Fabian Colamarino est professeur de littérature à Landslide, en rupture avec l’autorité des doyens, plongeant facilement dans l’alcool et la drogue pour oublier sa première femme, Mayra, repartie à Saint Domingue et son échec littéraire.
» Aux States, il y a de la place que pour un seul « grand écrivain étranger » à la fois. »
Fascinée par son professeur, Michelle, étudiante bolivienne devint sa maîtresse avant de quitter ses études pour écrire des bandes dessinées hantées de zombis. Michelle s’épuise dans cette relation avec un homme cynique et désabusé, « Perdus dans l’incertitude de l’amour et de l’absence d’amour« .
Ces trois destins de « latino-américains perdus dans l’immensité des États -Unis » sont d’une grande noirceur.
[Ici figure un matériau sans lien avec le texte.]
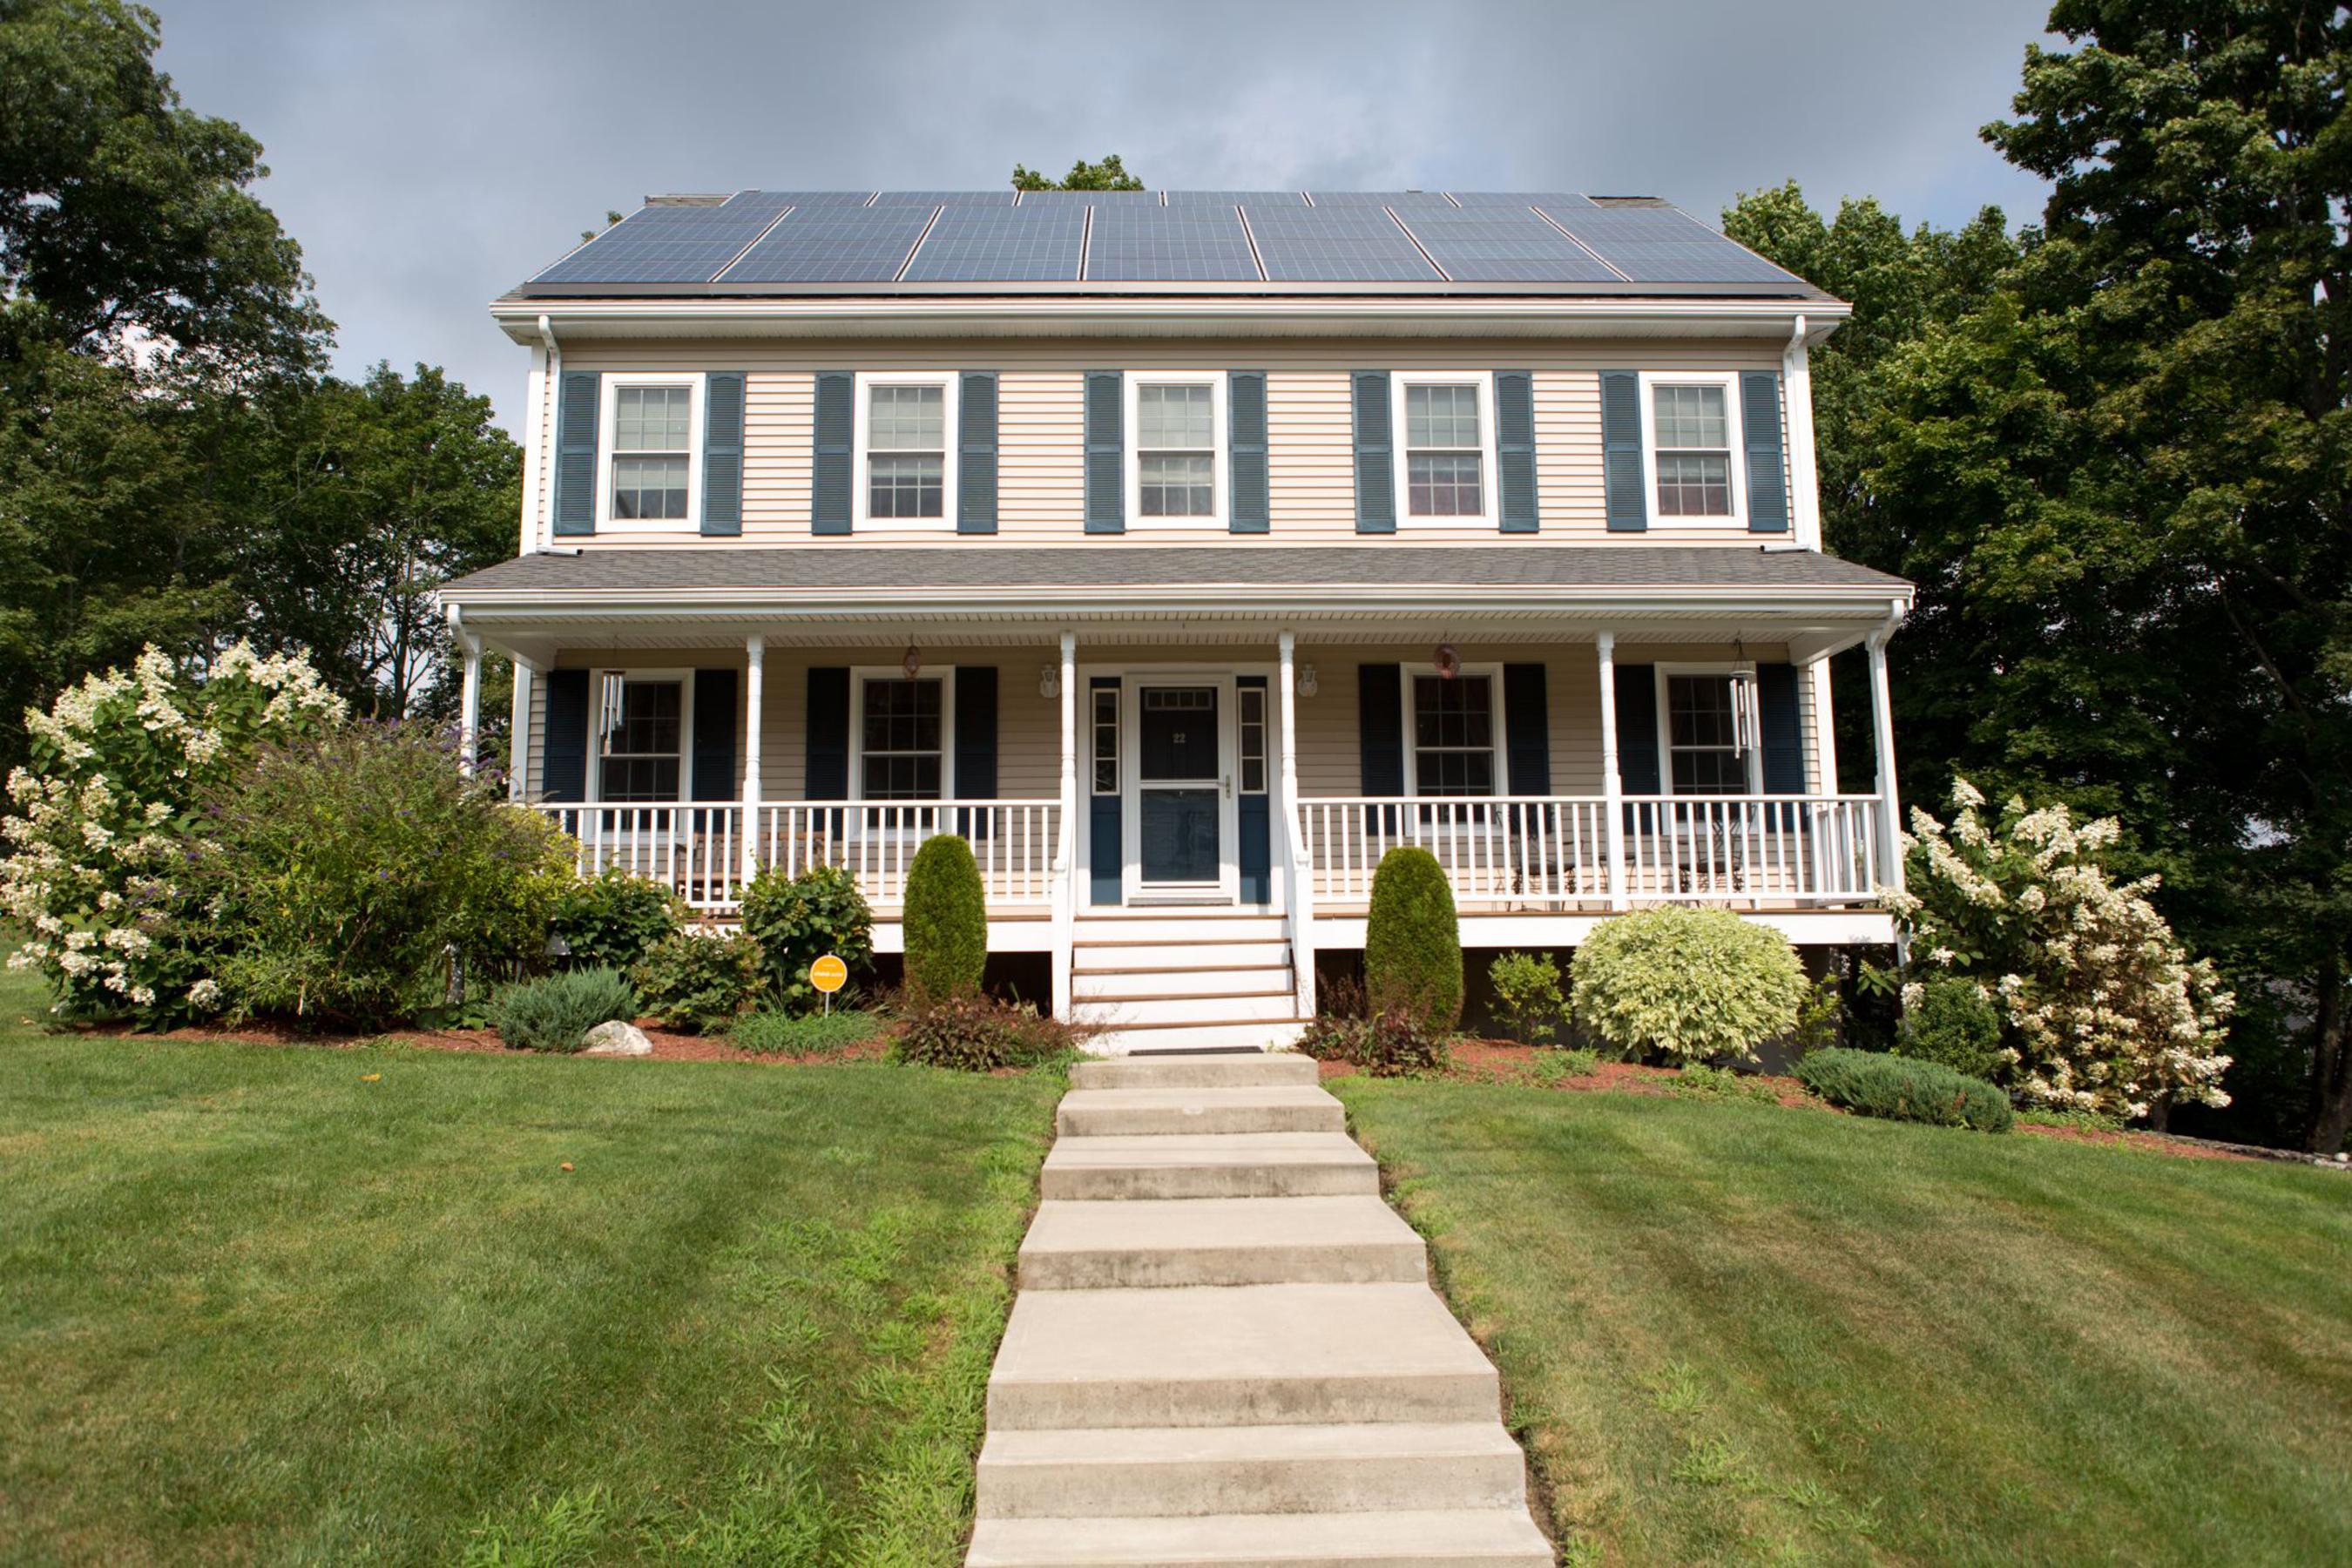 Home in Woburn, Massachusetts area runs on solar energy provided by Vivint Solar. (PRNewsFoto/Vivint Solar) (PRNewsFoto/VIVINT SOLAR)

La lecture du roman est certes un choc mais elle nous met face à la violence de l’immigration, à la douleur de l’exil, à l’impossible retour, à la folie germant dans les faibles esprits d’êtres qui se sentent exclus.
La phrase d’une animatrice américaine d’une émission d’information : » avec des lois laxistes sur l’immigration, le pays serait bientôt non seulement envahi par tous les mexicains, mais il allait être contaminé par la violence impitoyable qui sévissait là-bas. » et la prépondérance du récit violent des actes de Jésus nous incitent à regretter ce flux migratoire. Mais cette phrase généralisatrice peine Rafael Fernandez, policier d’origine mexicaine et parvient à tempérer ces positions trop rapides.
Edmundo Paz Soldan a un style qui retracent la véracité de ces destins perdus. Sa force et sa provocation nous entraînent irrémédiablement vers la descente aux enfers des personnages. Violent, parfois insoutenable mais criant de réalisme.
Commentaires
C’est un très beau billet et je note ce livre, j’aime bien les histoires de différents personnages. Je connais assez peu les histoire d’immigrants sud-américain, sauf si ce n’est des mexicains qui viennent travailler par ici en laissant souvent leurs familles de longs mois.
Bref ça m’intéresse.
Merci. Le sujet est particulièrement bien traité.
Tu as écrit là un très beau billet pour présenter ce livre.
Moi aussi, de temps en temps, je mets en garde les « âmes sensibles ». Je ne me fais pas d’illusion, je n’en fais plus partie depuis longtemps.
Merci. Je supporte mieux ce genre de scènes en lecture, je fermerais les yeux souvent devant les mêmes scènes au cinéma.
Un sujet dur, tout de même.
Oui. J’avoue que le tueur en série fait froid dans le dos…et les autres sont bien paumés aussi.
quel joli billet! qui tombe à pic pour moi qui ai envie de me plonger dans l’univers hispanophone!
Et ce n’est peut-être pas fini puisque mai est le mois espagnol.
Je pense que l’écriture pourrait me plaire, non?